- 2010/06/25 03:11
- Book

今日は、ワールドカップ、日本対デンマークの試合が03:00から始まります。
仮眠を取ろうと思ったんですが、眠れず。手に取ったのが、この本、江戸川乱歩の「陰獣」
表紙は私の大好きな漫画「魍魎戦記MADARA」「多重人格探偵サイコ」などで知られる田島昭宇。うーむ、私はSMという世界には惹かれつつも、困った(?)事に常識という感情が邪魔してしまうので、あれですが、この表紙のような肉付きの女性であれば、鞭でぶってみたいかもしれない。(絶対に、俺には出来ない事ですが。分かってるよ!そのぐらい)
話は2話ありまして、表題の「陰獣」と「蟲」
陰獣
探偵作家の寒川に、資産家夫人、静子が助けを求めてきた。捨てた男・平井太郎から脅迫状が届いたというが、差出人は人気探偵作家の大江春泥。静子の美しさと春泥への興味で、寒川は出来るだけの助力を約束するが、春泥の行方はつかめない。そんなある日、静子の夫の変死体が発見された。
こちら簡単なあらすじ。
結局、最後の最後で、事件は一応は解決してるのですが、寒川は勝手に結論づけたという事もあってか?彼がもう一つの考えを述べるわけです。それが、『もしかしたら』というもう一つの可能性を残す形になり、その可能性も、前述の結論同様、狂っている。
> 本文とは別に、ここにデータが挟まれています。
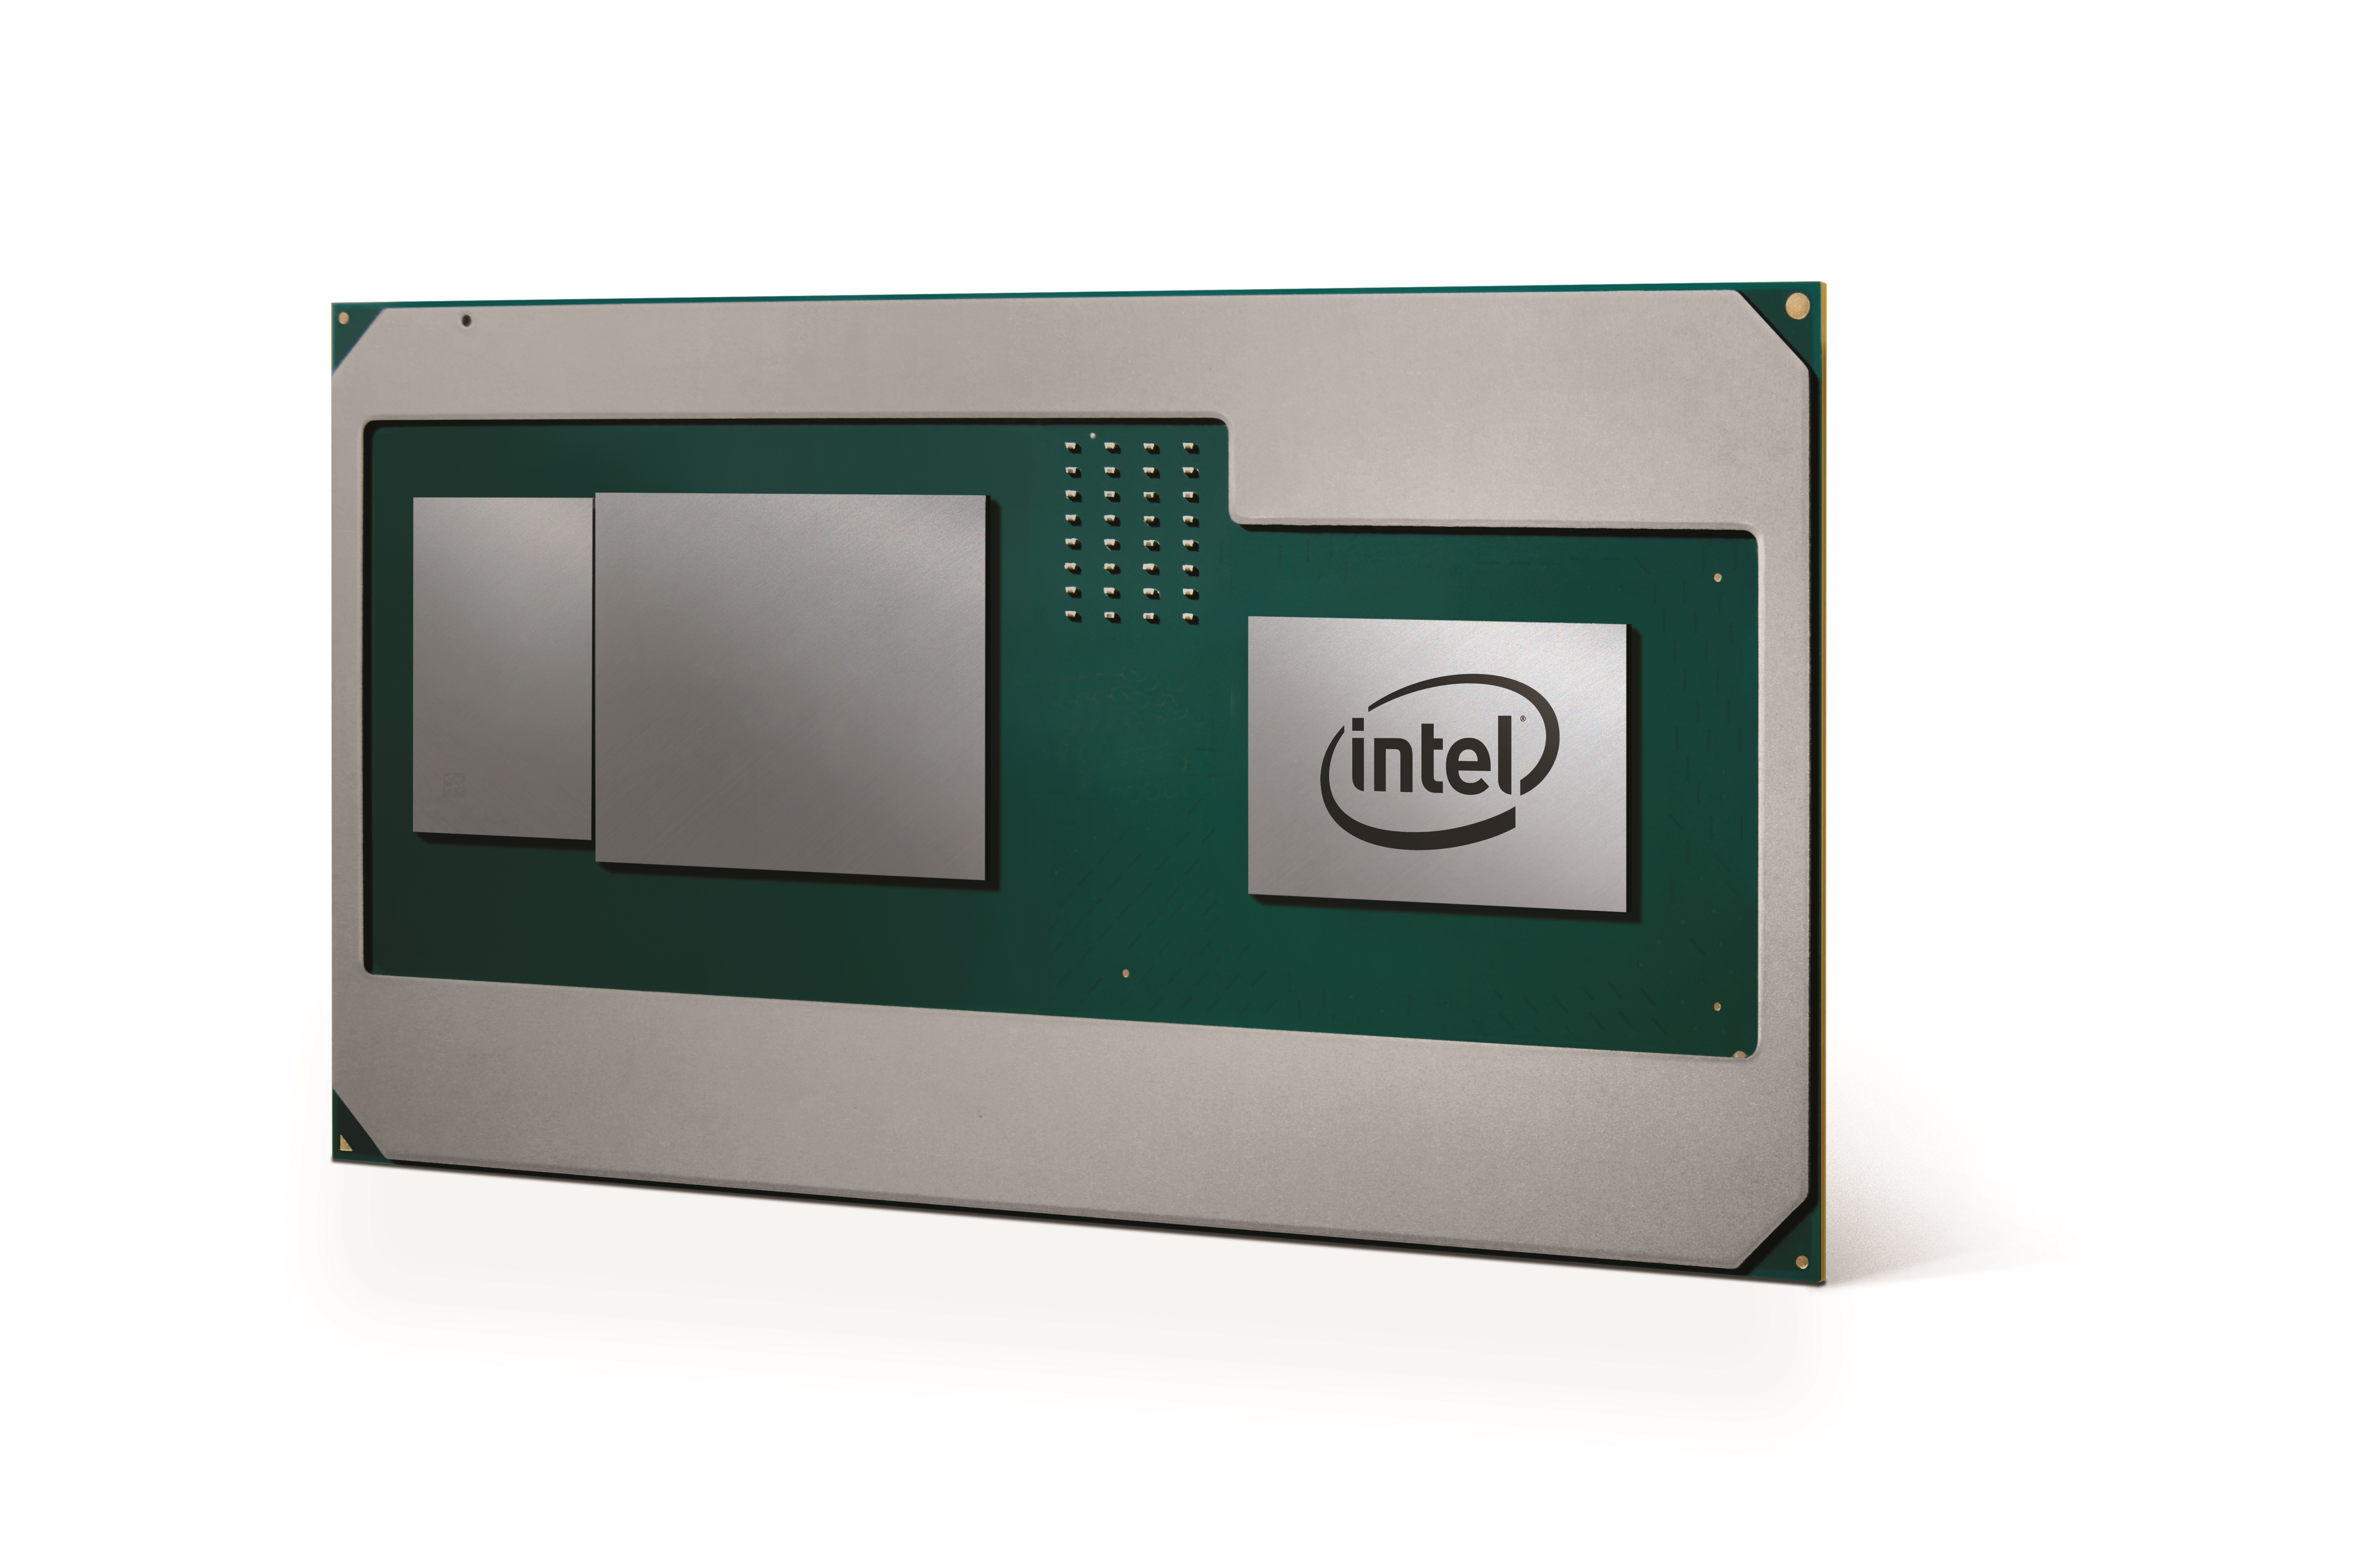 Immagine pubblicata in relazione al seguente contenuto: Intel ufficializza i primi dispositivi con CPU Coffee Lake-H e GPU AMD Vega | Nome immagine: news27334_Intel-AMD-MCM_1.jpg

そして、その事件の中に、見え隠れする性癖。嫁を屋根裏から覗く旦那(寒川の出した結論より)。旦那に鞭でぶたれる嫁。寒川に鞭でぶたれる静子。このあたりの描写には、思わず、ゾクゾクしてしまい、「俺はおかしいのか?」と思ってみたりするわけですが、それだけ作品に引き込まれているわけで、気が付いた時には、その暗い井戸の中、人の心に巣くう闇に、魅せられてしまいました。
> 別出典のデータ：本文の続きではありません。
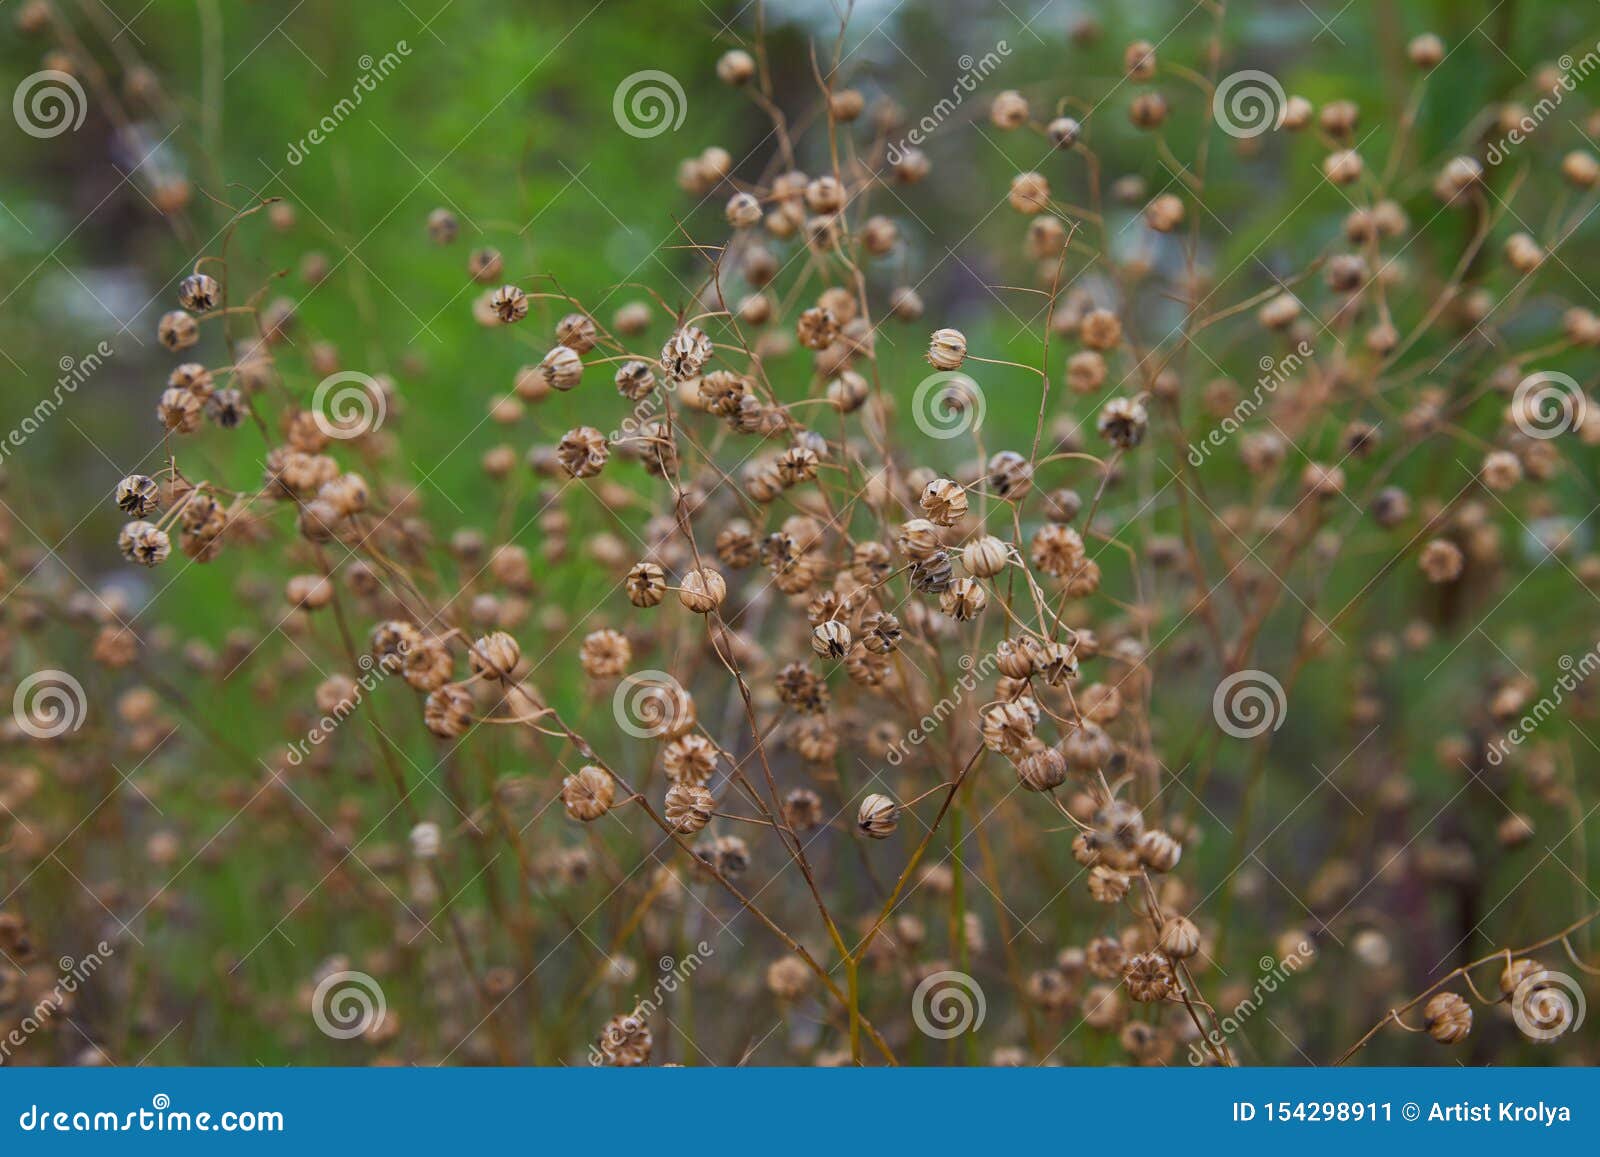 linum perenne perennial flax, blue flax or lint.

そう言えば、過去にSMルームがあるラブホテルに行った事があります。そこへ着くまでは、私は堰を切ったかのように、加虐的な事をしてみたい…といった事を言って、当時お付き合いしていた女性も、その話に乗っかっていたのですが、実際、部屋に入ってみると、これがまたさ。気付いた時には、拘束される分娩台のような物体に、俺が乗ってしまいました。勿論、女性は私を拘束しました。その刹那、私は「すいません!」と、このような逆転現象について、謝ったわけですが、女性も、私に対し、「すいません!」と。。。この時、思ったんですが、女性という生き物は怖いというか、素晴らしい。無意識の内に、私は加虐的な事が出来ない事を悟り、自分が乗るというボケに出てしまったわけですが、それが全て筒抜けだったんでしょうね。私の心のダムが、初めから完全に決壊していた事を知った上で、その決壊を誤魔化そうとした、私の気持ちを汲んでくれ、これって男性側が気付いて、そうする事って、出来る人もいるかもしれないけれども、私は出来ない。そんなこんなで、「女の人は凄い」という気持ちになった事を、ちょっと思い出したので、書いてみた。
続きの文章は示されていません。